Can you point me in the direction of content monetization?

which-wayMy recent post We, the people, need a strong media, saw several good comments but Tom Kieffer provided a link (Clay Shirky) that led me to an essay by Nicholas Carr The Great Unbundling: Newspapers and the Net. It’s worth a read and really got me thinking about any content offering staying viable today, whether it’s newspapers, TV, magazines, blogs or even a small newsletter for a highly targeted market.

Carr outlines near the beginning, “The shift from scarcity to abundance in media means that, when it comes to deciding what to read, watch, and listen to, we have far more choices than our parents or grandparents did. We’re able to indulge our personal tastes as never before, to design and wrap ourselves in our own private cultures. The vast array of choices is exciting, and by providing an alternative to the often bland products of the mass media it seems liberating as well. It promises, as Chris Anderson writes in The Long Tail, to free us from the tyranny of lowest-common-denominator fare and establish in its place a world of infinite variety.

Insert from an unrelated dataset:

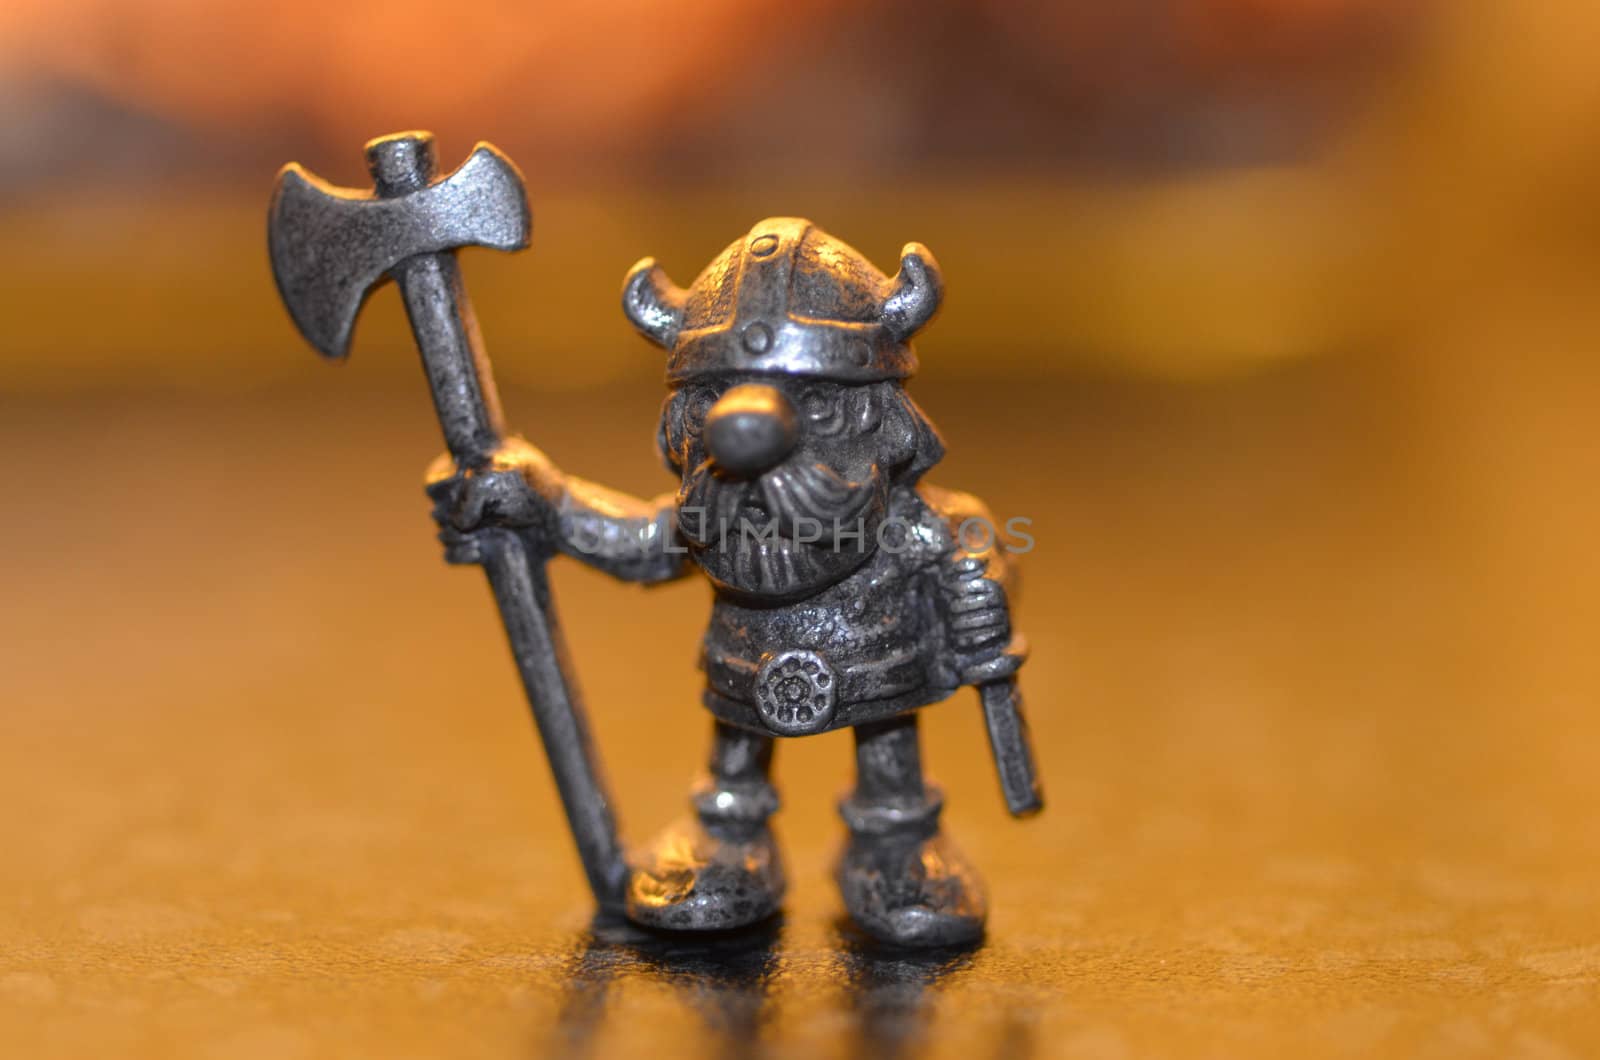 A viking figurine holding an axe,

Though he starts out talking about the “economics of culture,” he quickly gets into an examination of the issues surrounding content abundance (i.e., new media) and the economics of traditional media and the unbundling of it in an online age as it pertains to newspapers. I was confused as to the point of his essay since media downtrending is obvious and I was hoping he’d posit a fundamental or obvious solution.

I still think newspapers need blog networks but those thoughts are a tactical manifestation of a larger strategic one: in an age where content is a commodity and extremely simple to create and distribute, those who can edit, classify, aggregate and harness content will add value to that content and gain a critical, mass audience, enjoy monetization opportunities and remain viable.

THE ABUNDANCE PROBLEM: WHERE’S OUR ATTENTION?
Stop right now and look around. If you’re at home, you might do what I do often: take stock and realize the abundance of content we all enjoy. I did last night and here’s a sampling of both paid-for and free content choices I’ve made:

  • PAID
    • Daily Minneapolis StarTribune newspaper (though so thin now it takes 15 minutes to get through)
    • A digital video recorder with about a dozen shows and movies unwatched (I was on the fence on whether this should be in the ‘free’ category since many recorded shows are from the free-over-air channels vs. paid-for satellite ones)
    • Five books started or that I intend to start
    • Fifteen DVD’s still shrink-wrapped
    • Four audiobooks not yet ripped to my iPhone
  • FREE
    • Daily RSS skimming/reading (Google Reader) and ~2,000 articles per day (which includes several major news sites)
    • Daily MinnPost
    • Daily “memetracker” use (e.g., TechMeme, Blogrunner, Wikio)
    • 19 hours of podcasts on my computer yet to be sync’ed to iPhone
    • Ten PDF’s in a “Reading” folder on my laptop, three “book length”
    • Online affinity groups I belong to (e.g., The Long Now Foundation) with phenomenal content requiring time to consume while online.

Notice that the “FREE” section has a lot more content in it. I was surprised when I did this content audit to discover that most of the time I invest in media consumption has shifted to the FREE category.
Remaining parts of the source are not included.